Predicted properties of the proteins of families I–V.

IM, inner membrane; C, cytoplasm; P, periplasm.

Genomic contexts of unique core genes

Collinear blocks between the genomes and conservation of gene neighbors were determined by MAUVE (Darling et al., 2010), RAST (Aziz et al., 2008; Overbeek et al., 2014; Markowitz et al., 2014a) and IMG-JGI (Markowitz et al., 2014b; Dhillon et al., 2015). Genomic contexts were visualized using Artemis of Sanger (Brettin et al., 2015).

Evaluation of HGT

IslandViewer (Rutherford et al., 2000) was used to predict genomic islands.

Annotation of unique core genes (families I–V)

Protein coding sequences were annotated using an integrated pipeline consisting of BLASTP (Altschul et al., 1997) searches against NR database of NCBI with an E-value cutoff of 1e-3, Pfam (Punta et al., 2012), TigrFAM (Consortium, 2014), and Uniprot (Hofmann and Stoffel, 1993) database comparisons.
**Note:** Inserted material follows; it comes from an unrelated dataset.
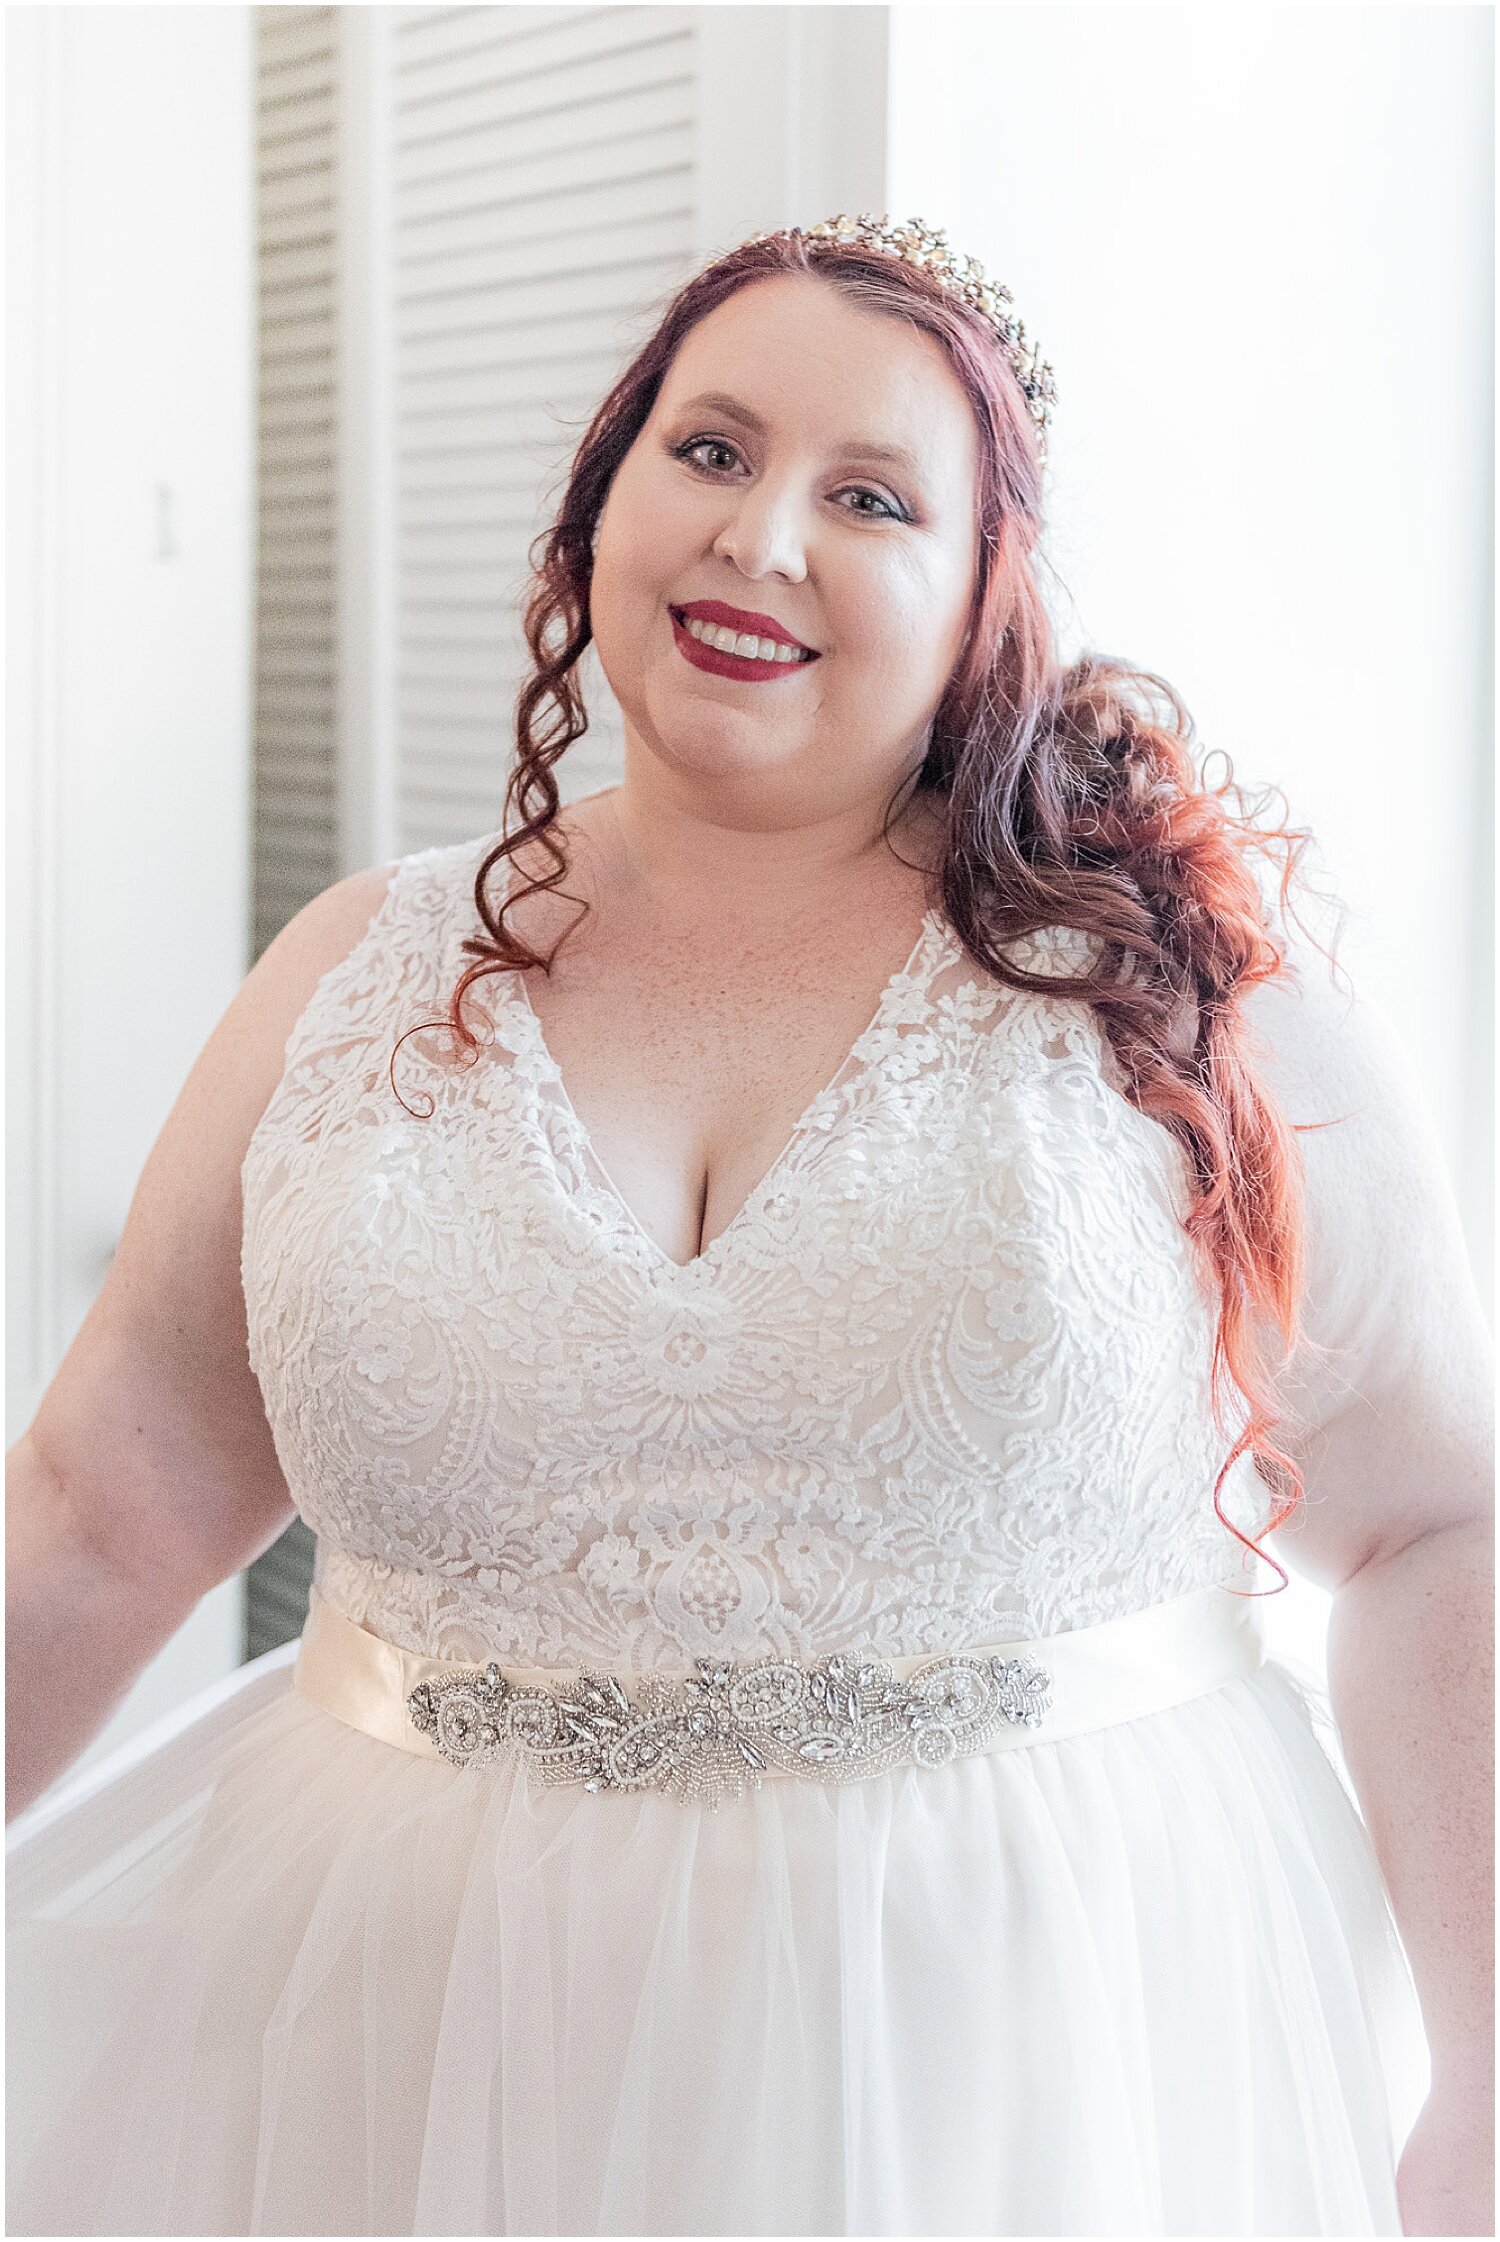  bride portrait at her Jacksonville wedding

Transmembrane regions in protein sequences were predicted with TMHMM (Haft et al., 2003) and TMPRED (Krogh et al., 2001). Computation of isoelectric point and molecular weight were made with ExPASy web tool (Bjellqvist et al., 1993; Nakai and Horton, 1999; Gasteiger et al., 2005).

Estimation of mutation rates

Synonymous and non-synonymous substitution rates were calculated as follows: amino acid alignments of unique (orphan) core genes were constructed using MUSCLE (Edgar, 2004), and used as input for PAL2NAL (Suyama et al., 2006) with the nucleotide sequences to create the codon alignments of gene core families. The ratio of non-synonymous (K_a) to synonymous (K_s) nucleotide substitution rates (K_a/K_s ratios) were calculated using SeqinR package of R project (Charif and Lobry, 2007). Mean K_a/K_s ratios were assigned for individual unique (orphan) core genes (families I–V) by averaging all pairwise ratios within each family.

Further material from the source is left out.